Lin began to inch towards the woman. “Or, I’ll jump you and my dog can watch me shoot you.”
“Stop. Stand still. You’ll do as I say.” Maggie’s eyes were wild and her hand seemed to shake slightly.
Lin stopped.
“Keep your distance from me. Walk slowly to the trunk. Very slowly.” Maggie gestured to the vehicle. The bright sun glinted off of her gun. “Get going. Small steps.”
“Stay with me, Nick,” Lin said softly and began shuffling to the back of the car. When she was a few feet from the BMW, she made a hand gesture and the dog slipped under the vehicle.
“Get in the trunk,” Maggie demanded.
Lin knew the odds of surviving if a person left a scene with an attacker and was taken elsewhere. Those odds weren’t good.
“Get in,” the woman screeched.
“How?
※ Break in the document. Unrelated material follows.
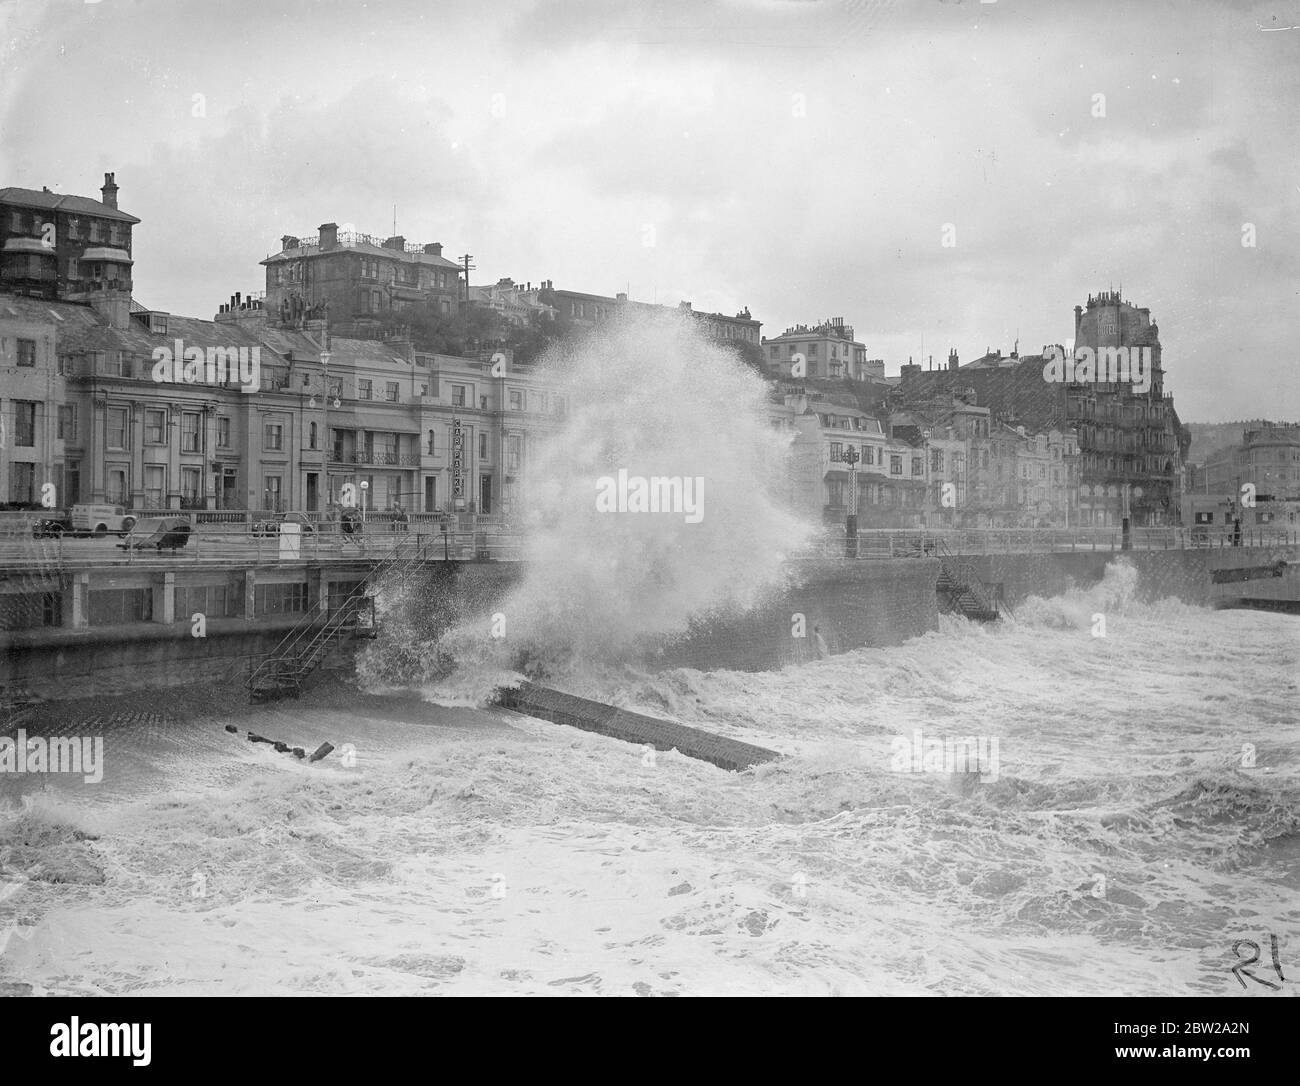 D'énormes vagues se brisèrent sur le front à Hastings pendant un Gale, qui ravaga la côte sud. Des spectacles de photos, des vagues géantes qui semblaient au-dessus des bâtiments se brisant sur le front à Hastings drame Gale. 23 octobre 1937 Banque D'Images

How should I lie down?” Lin played dumb hoping to get Maggie to come closer.
“Just get in.” Maggie seethed and when she took one step forward to give Lin a push, Lin wheeled with her arm raised, and used her elbow to ram it into the woman’s face. Maggie shrieked and blood trickled from her nose.
Although the woman staggered, she did not drop the gun, but Lin had enough time to rush to the other side of the vehicle for cover.
Sputtering and muttering, Maggie ran her hand over her nose to wipe at the blood. Her eyes blazed with madness. When the woman moved to the side of the BMW where Lin stood, the young landscaper dashed to the front of the vehicle as if it were a game of musical chairs. Maggie moved to the front and Lin moved to passenger side.
Furious with frustration, Maggie moved back to the driver’s side of the car, lifted her hand and shot through the windows of the BMW hoping to hit Lin standing on the passenger side. The window glass shattered with a roar, but Lin had ducked down just in time to miss being hit by the bullet.
Maggie let out a curse.
The sound of an engine reached Lin’s ears and in three seconds, Leonard’s truck came into view as it came down the long driveway.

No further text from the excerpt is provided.